Question

determine if the summation to infinity of the alternating sum is absolutely convergent, conditionally convergent or divergent: (-1)^(k+1)/k! (having problems simplifying the absolute convergence test, for some reason i was never taught how to simplify the factorial when it was in a fraction..)

Answer 1

Never heard it called the absolute convergence test. Are you talking about the ratio test?

Answer 2

\[\lim_{n \rightarrow \infty} \left| a(n+1)/a(n) \right|\] ?

Answer 3

yes haha

Answer 4

Ah ok. Well what your going to do is you write your function out, replacing "n" with "n+1". Then your going to divide it by your function written with just "n" for your variable.

Answer 5

But you can bypass that step by multiplying by the reciprocal once you get the hang of it.

Answer 6

yup got that, i'm having trouble simplifying that

Answer 7

Your k! when your replacing "k" with "k+1" will end up being "(k+1)!"

Answer 8

Is that what you meant or as you progress farther into the problem when you have k! over (k+1)!

Answer 9

further, taking the limit of the already established reciprocal

Answer 10

multiplaction step

Answer 11

ok. And what exact thing are you having trouble multiplying?

Answer 12

finding the limit

Answer 13

right now i have 1^(k+1)+1/(k+1)! * k!/1^(k+1)

Answer 14

so whats next? how do i find that limit/simplifiy that fraction

Answer 15

Ok. there is a property that comes into play when you have n!/(n+1)!. I'm trying to think of how to show it. It reduces it down.

Answer 16

Let me look in my notes real quick

Answer 17

ok :)

Answer 18

cause i'll also need that rule to test the original function for convergence

Answer 19

Ok here is what happens. Lets say you have n! over (n+1)!. Your result will be (n+1) in the denominator (no factorial)

Answer 20

The factorials cancel each other in a way.

Answer 21

..and you'll keep the constants right?

Answer 22

Well the only thing affected in what I just told you is your k! and (k+1)!
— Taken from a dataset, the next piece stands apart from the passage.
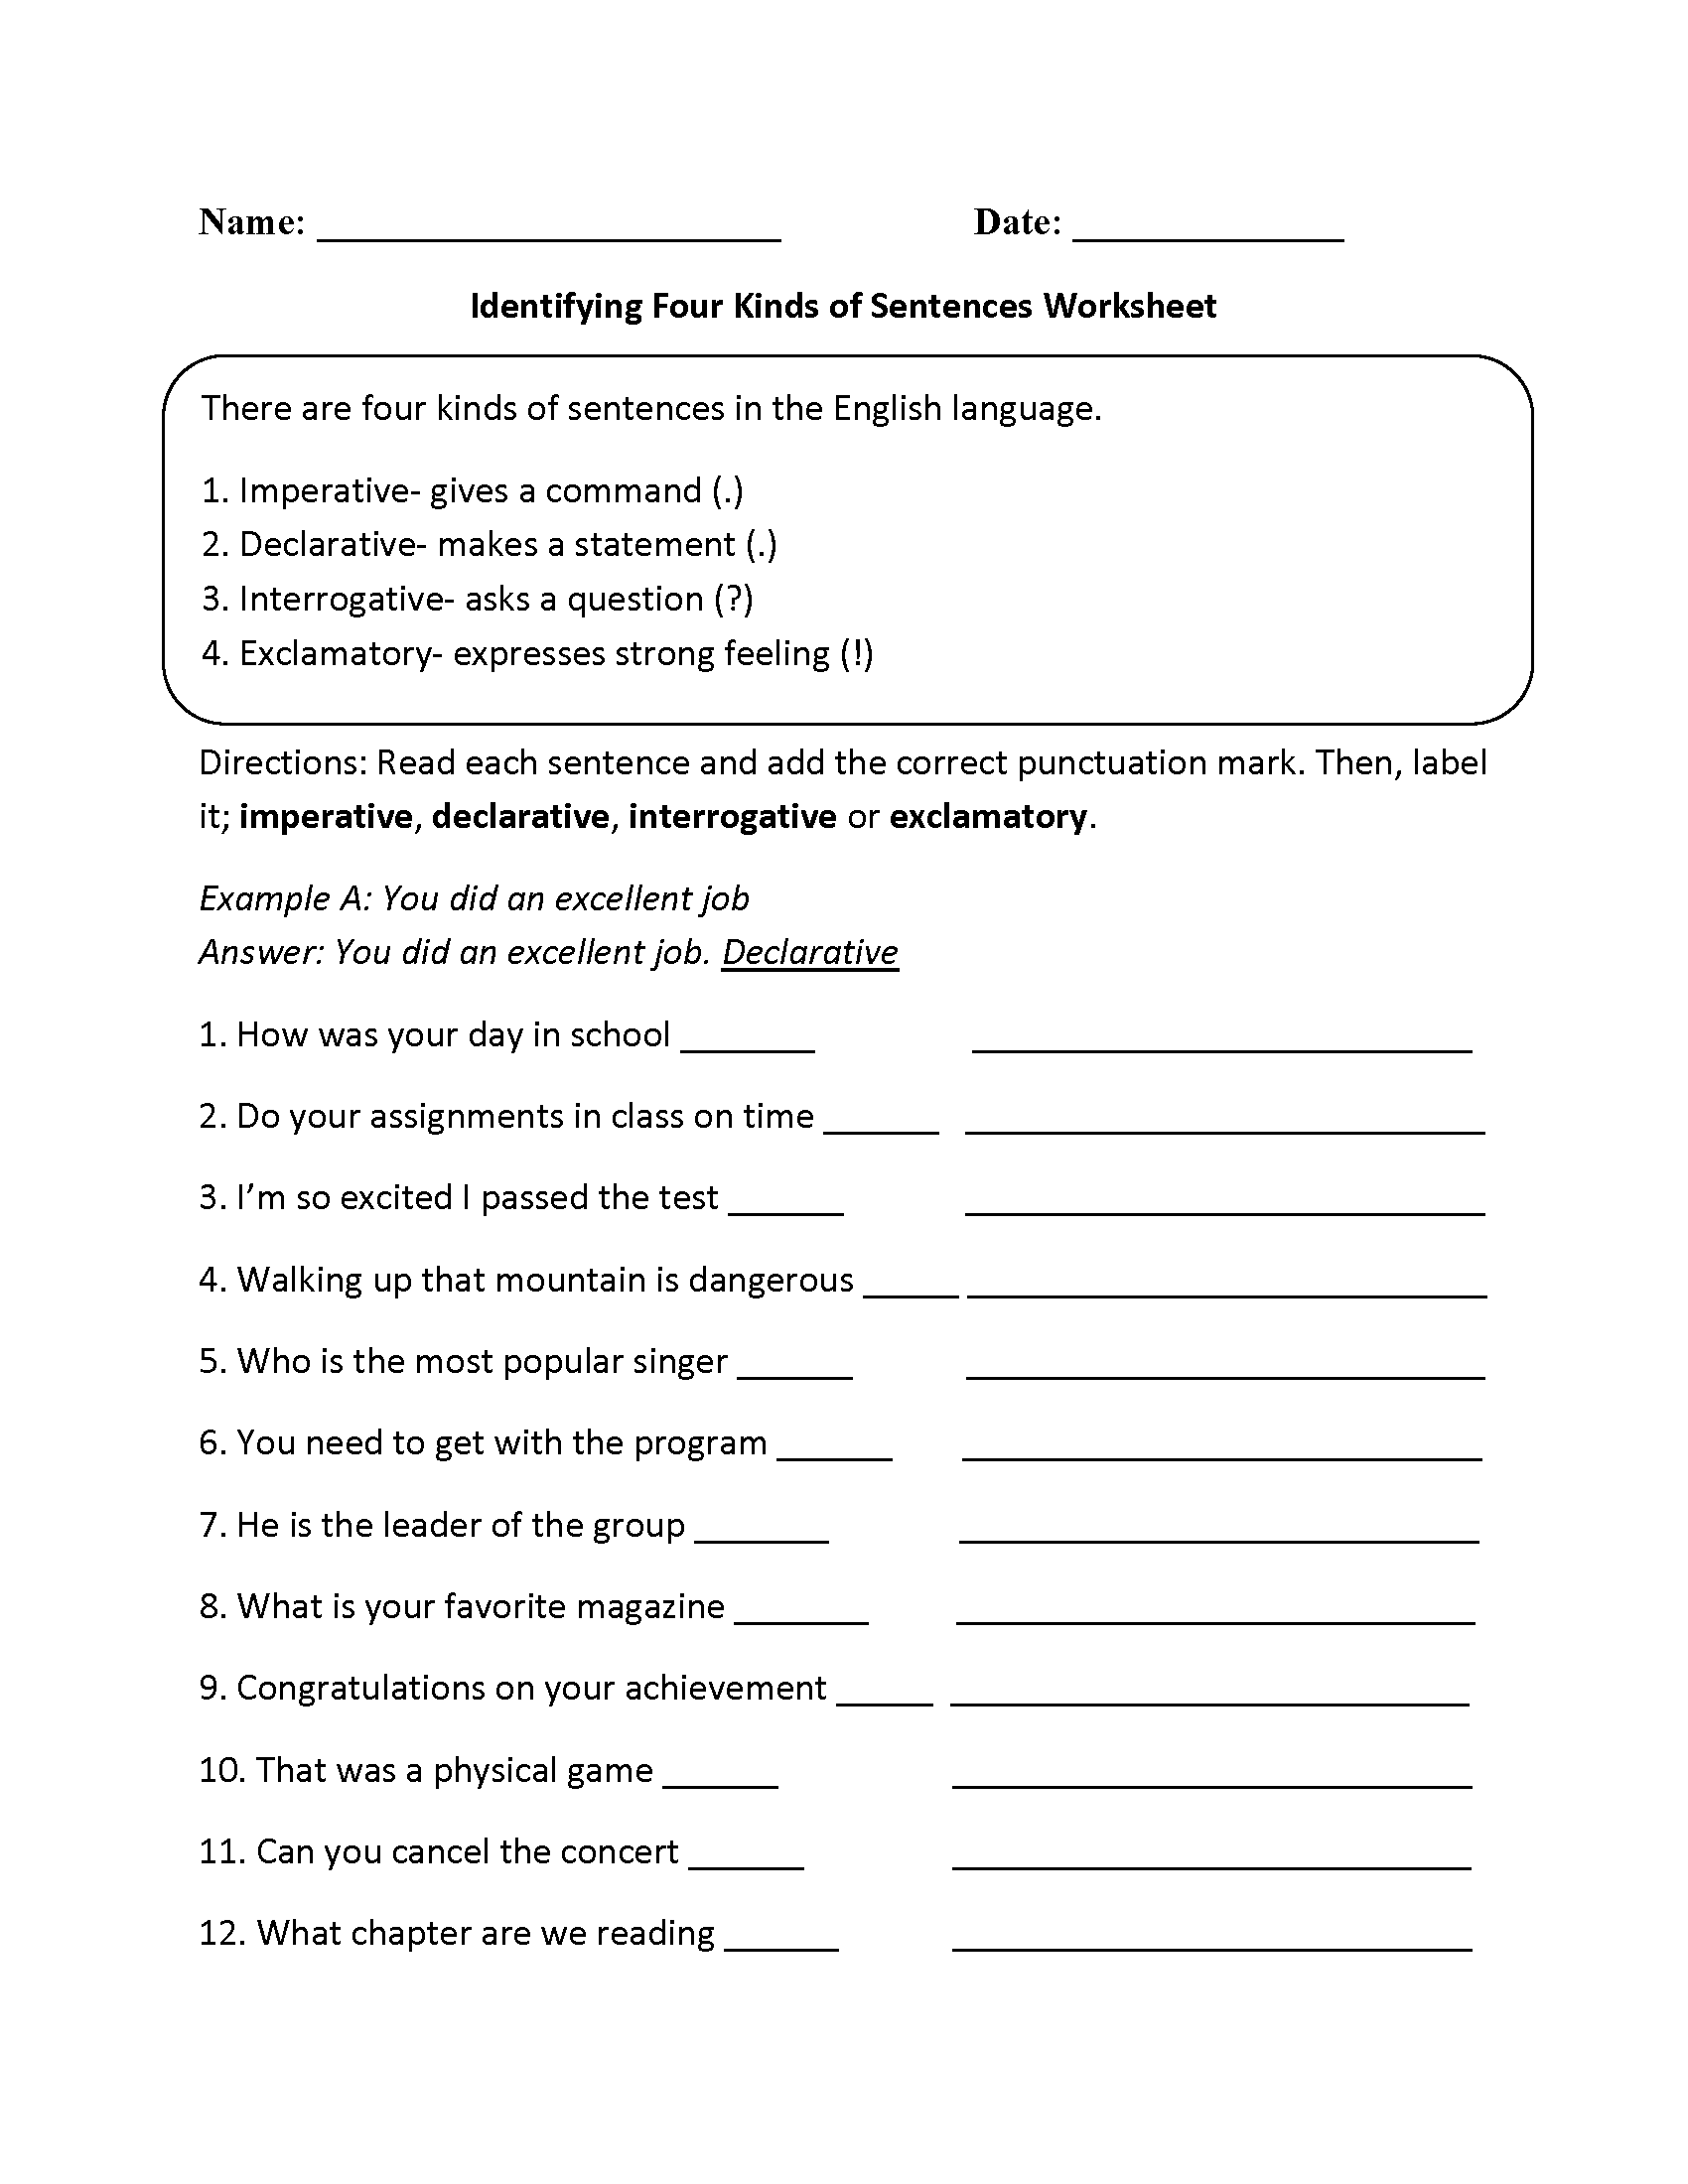 Worksheet On Kinds Of Sentences For Class 3

The rest of the problem reduces just like typical multiplication & cancelling.

Answer 23

So the first term in what you have right now has a (k+1) in the denominator instead of (k+1)!

Answer 24

so i'll end up taking the limit of 1/k+1 ?

Answer 25

I believe so

Answer 26

wonderful :)

Answer 27

thanks for your help! :)

Answer 28

Your very welcome